(Records excerpted from a collection)
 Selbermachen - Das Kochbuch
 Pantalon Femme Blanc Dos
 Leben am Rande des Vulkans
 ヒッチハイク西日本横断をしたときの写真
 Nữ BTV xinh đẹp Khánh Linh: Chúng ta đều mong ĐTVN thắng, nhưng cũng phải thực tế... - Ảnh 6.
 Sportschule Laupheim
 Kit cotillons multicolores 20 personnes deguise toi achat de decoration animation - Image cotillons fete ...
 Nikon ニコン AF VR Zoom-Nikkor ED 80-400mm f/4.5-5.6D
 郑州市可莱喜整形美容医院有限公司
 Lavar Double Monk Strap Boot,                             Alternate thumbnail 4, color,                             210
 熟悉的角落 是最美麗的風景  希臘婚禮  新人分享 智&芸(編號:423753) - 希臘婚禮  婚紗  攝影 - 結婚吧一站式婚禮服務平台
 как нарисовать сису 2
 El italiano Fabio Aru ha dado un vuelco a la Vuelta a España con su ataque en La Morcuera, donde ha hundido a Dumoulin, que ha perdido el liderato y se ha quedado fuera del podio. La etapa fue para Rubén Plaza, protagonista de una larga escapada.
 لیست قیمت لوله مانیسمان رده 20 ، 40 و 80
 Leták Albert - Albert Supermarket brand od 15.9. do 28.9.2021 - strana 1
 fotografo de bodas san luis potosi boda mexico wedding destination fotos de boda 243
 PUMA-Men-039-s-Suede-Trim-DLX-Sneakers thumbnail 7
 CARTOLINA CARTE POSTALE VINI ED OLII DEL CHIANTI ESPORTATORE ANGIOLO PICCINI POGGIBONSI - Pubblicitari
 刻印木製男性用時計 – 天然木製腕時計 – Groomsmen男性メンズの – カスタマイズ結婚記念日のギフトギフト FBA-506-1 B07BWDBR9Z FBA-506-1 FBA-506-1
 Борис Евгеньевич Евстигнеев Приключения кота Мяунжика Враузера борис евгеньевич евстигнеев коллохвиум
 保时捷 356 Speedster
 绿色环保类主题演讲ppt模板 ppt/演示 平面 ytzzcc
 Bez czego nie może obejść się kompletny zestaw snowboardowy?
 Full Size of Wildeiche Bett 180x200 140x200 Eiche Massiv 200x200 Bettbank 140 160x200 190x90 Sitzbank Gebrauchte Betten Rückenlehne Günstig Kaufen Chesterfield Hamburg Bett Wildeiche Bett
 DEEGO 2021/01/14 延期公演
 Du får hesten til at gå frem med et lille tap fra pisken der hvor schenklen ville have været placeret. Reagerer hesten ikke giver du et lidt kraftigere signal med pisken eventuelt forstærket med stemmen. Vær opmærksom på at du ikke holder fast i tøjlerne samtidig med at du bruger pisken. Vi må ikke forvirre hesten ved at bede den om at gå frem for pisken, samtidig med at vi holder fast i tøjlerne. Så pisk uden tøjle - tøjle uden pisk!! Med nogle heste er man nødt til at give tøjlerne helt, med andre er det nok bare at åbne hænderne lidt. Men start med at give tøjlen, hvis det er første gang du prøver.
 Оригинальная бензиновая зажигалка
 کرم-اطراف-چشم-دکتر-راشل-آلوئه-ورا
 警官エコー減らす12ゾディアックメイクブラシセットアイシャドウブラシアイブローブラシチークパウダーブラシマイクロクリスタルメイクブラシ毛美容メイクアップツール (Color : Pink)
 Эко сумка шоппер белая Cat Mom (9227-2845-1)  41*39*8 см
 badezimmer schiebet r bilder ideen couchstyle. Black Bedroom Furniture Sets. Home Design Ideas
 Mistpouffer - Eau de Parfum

** Exercise aim **
Wherever the string "thumbnail" occurs in the records, copy the line it is in.

** Solved exercise **
 Lavar Double Monk Strap Boot,                             Alternate thumbnail 4, color,                             210
 PUMA-Men-039-s-Suede-Trim-DLX-Sneakers thumbnail 7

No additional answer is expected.